Paris : la nouvelle affaire d’agression sexuelle sème le malaise chez les écologistes

Après « l’affaire Baupin » qui avait révélé le harcèlement exercé par l’ancien adjoint écologiste auprès de plusieurs collaboratrices, c’est un collaborateur de l’adjointe chargée de la Santé qui est accusé de viol.

 Hôtel de Ville de Paris.
Hôtel de Ville de Paris. LP/Arnaud Journois

Malaise chez les écologistes de Paris. La révélation, il y a quelques jours par le journal Le Point, d'une affaire d'agression sexuelle dans leurs rangs jette le trouble au sein du groupe écologiste.

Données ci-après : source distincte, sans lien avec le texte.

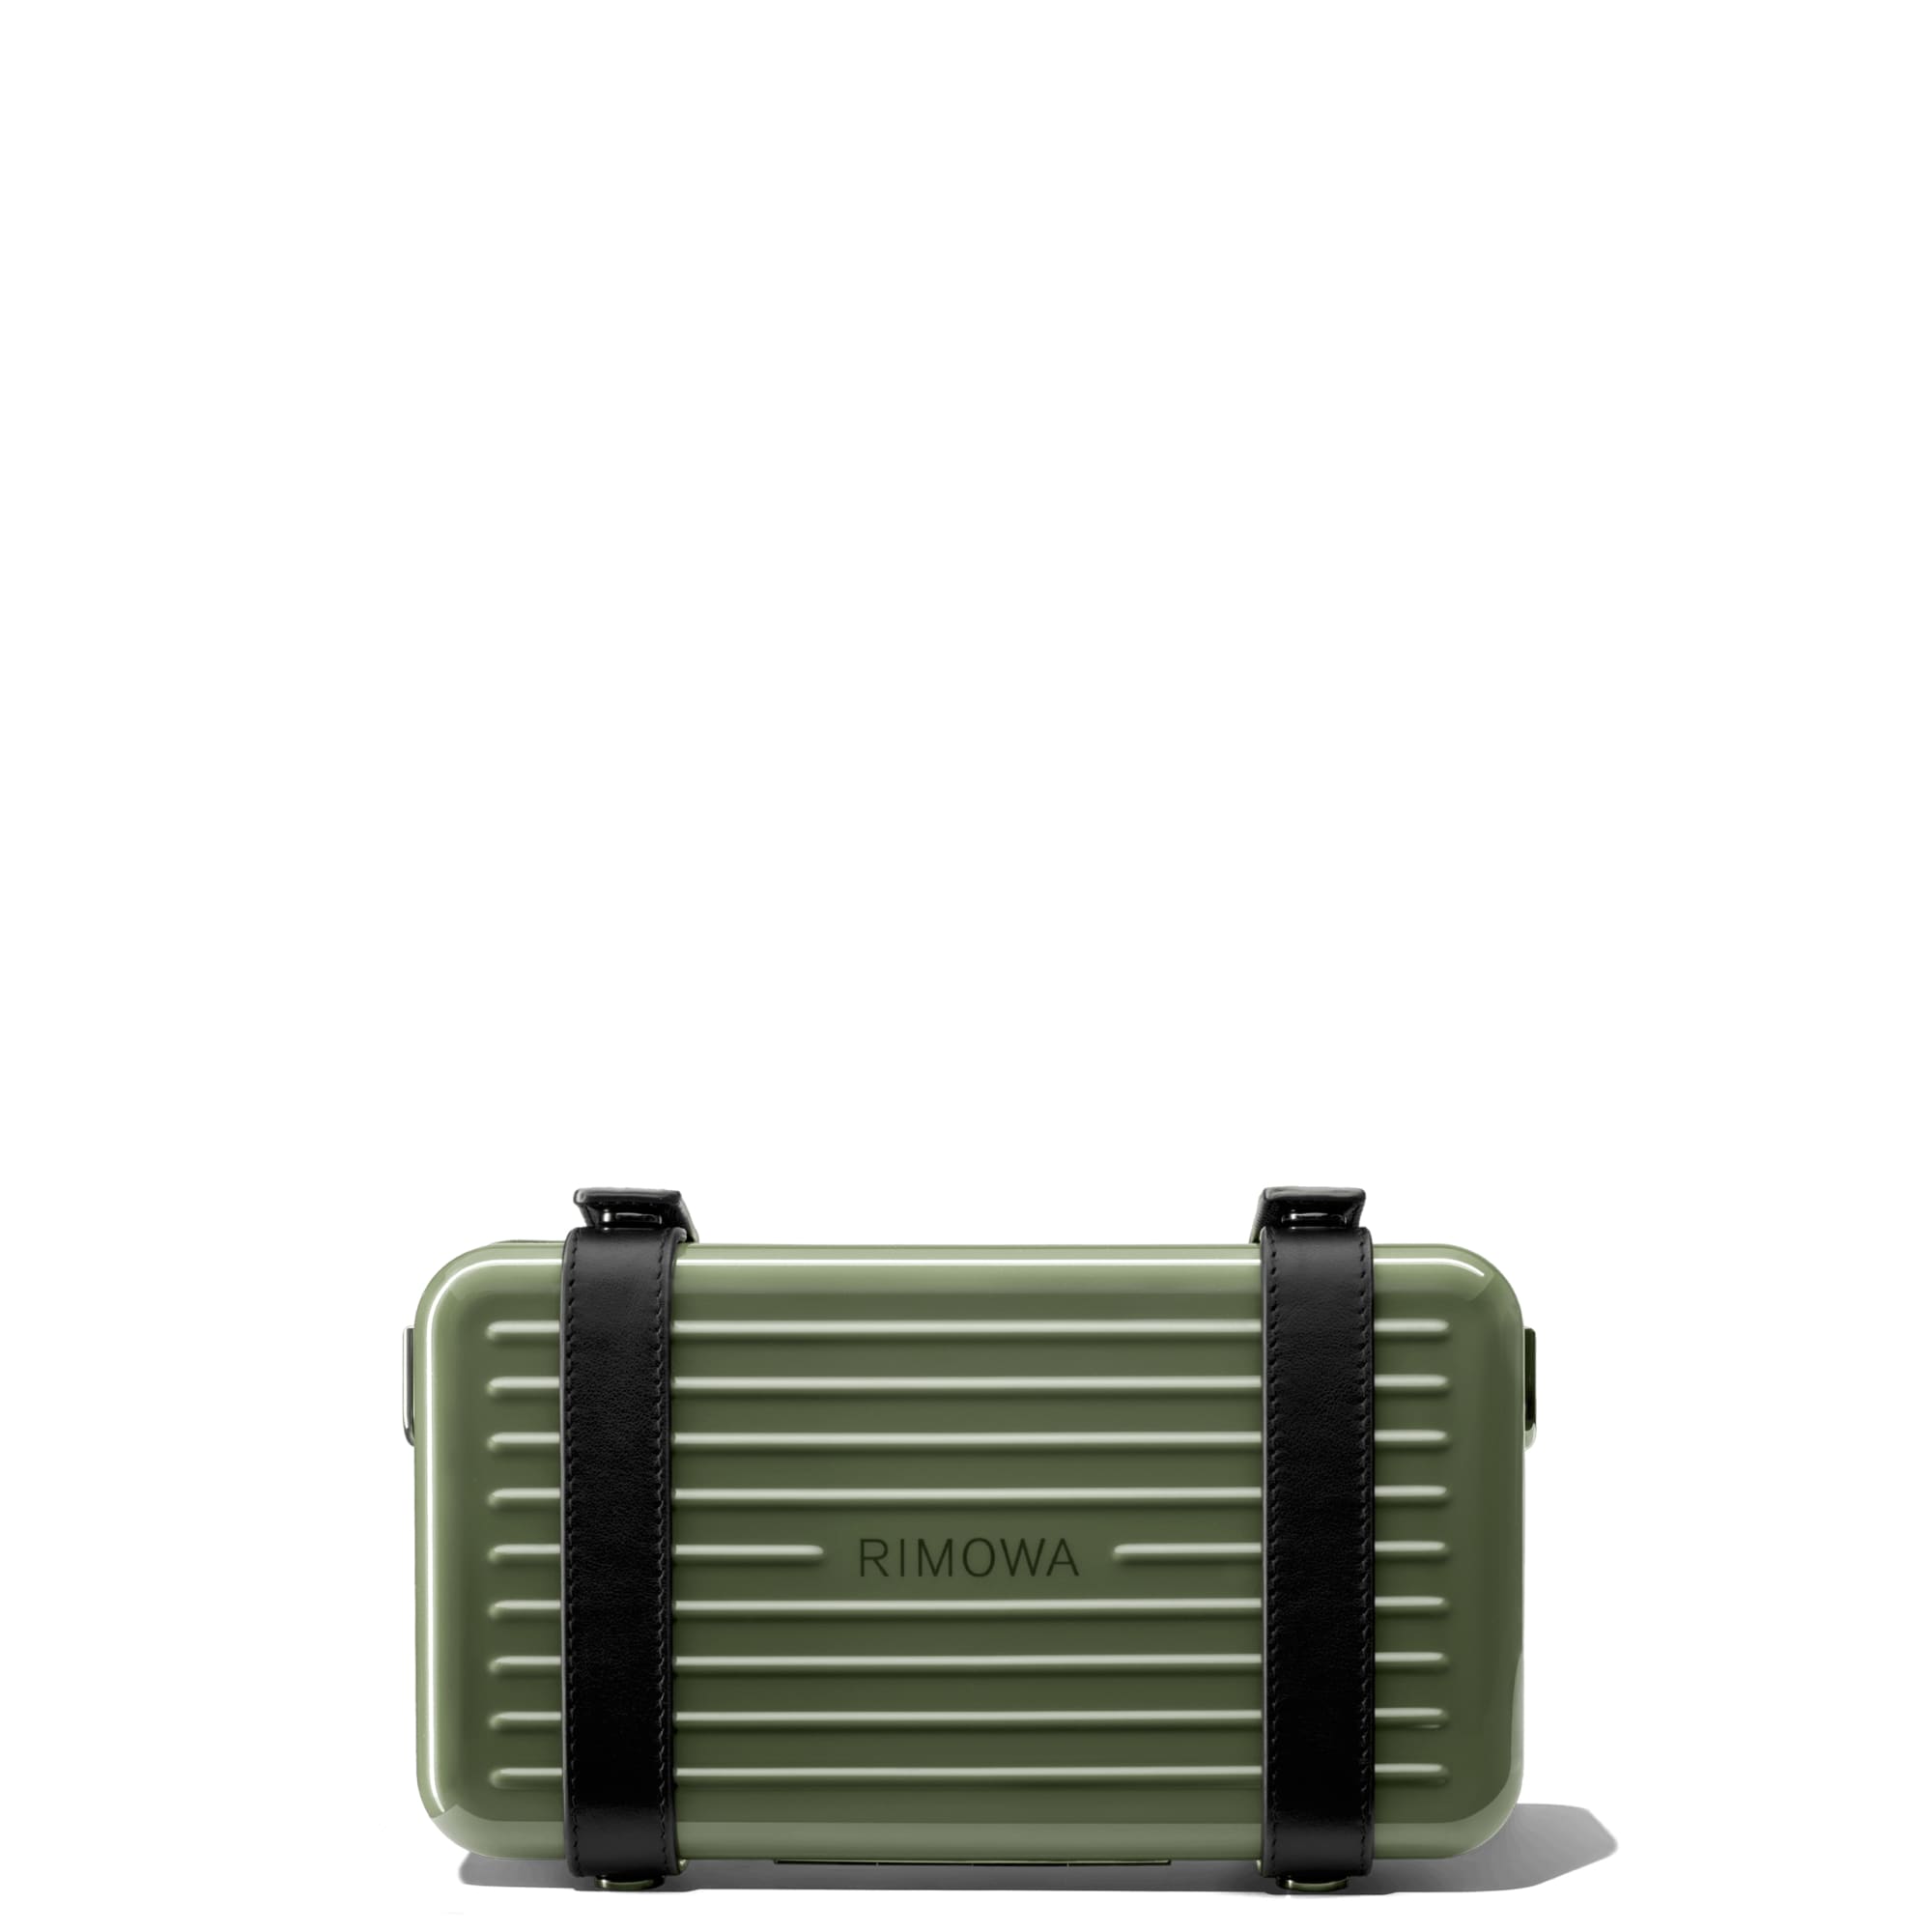 「リモワ」が2way仕様の新作スモールバッグ発売、スーツケースと同様にポリカーボネート製

« Libérer la parole des victimes »

Les faits auraient eu lieu le mois dernier. Une militante écologiste accuse un collaborateur de l'adjointe chargée de la Santé Anne Souyris, d'avoir abusé d'elle dans les bureaux de l'Hôtel de Ville. La présumée victime a déposé plainte jeudi dernier au commissariat du centre de Paris contre ce père de famille, qu'elle connaissait, et qui l'aurait violée. Selon nos informations, la jeune femme a été accompagnée au commissariat par Raphaëlle Rémy-Leleu, une des élues écologistes qui a mené la fronde du mois de juillet pour obtenir la démission de Christophe Girard. L'intéressée refuse de confirmer cette information. En revanche, elle estime que la fuite dans la presse du dépôt de plainte de la jeune femme moins de 24 heures après les faits est « extrêmement grave ». « C'est un très mauvais signal pour toutes les femmes victimes de violence qui souhaitent porter plainte. Les femmes qui sont dans ces situations ont besoin d'être protégées », martèle Raphaëlle Rémy-Leleu.

« Raphaëlle Rémy Leleu est prête à tout pour faire parler d'elle », maugrée en aparté un élu écologiste. Quelques dissensions apparaîtraient-elles chez les élus verts ? « Sur ces faits graves et choquants chacun a son appréciation mais il y a un consensus très clair au sein du groupe sur la nécessaire libération de la parole des victimes », répond Fatoumata Koné, la patronne du groupe écologiste de Paris.

Le collaborateur suspendu

Dans un communiqué, l'adjointe chargée de la Santé Anne Souyris assure pour sa part n'avoir « jamais eu connaissance d'actes déplacés » de la part de son collaborateur qui travaille depuis longtemps sur les questions de Santé au sein d'Europe Ecologie Les Verts.

« Mon collaborateur a fait l'objet d'une suspension administrative pour qu'il n'y ait aucune interaction entre l'instruction et la conduite de la politique municipale », précise l'adjointe d'Anne Hidalgo.

Alors qu'une enquête a été ouverte par le parquet de Paris, ce lundi après-midi l'homme accusé n'avait toujours pas été entendu par la police, au grand dam de son avocate Aurélie Soria. « J'essaye de joindre le Procureur depuis vendredi soir. J'ai des documents à apporter permettant de réfuter les accusations qui sont portées contre mon client », insiste Maître Soria.

L'avocate doit déposer une plainte ce mardi pour dénonciation calomnieuse.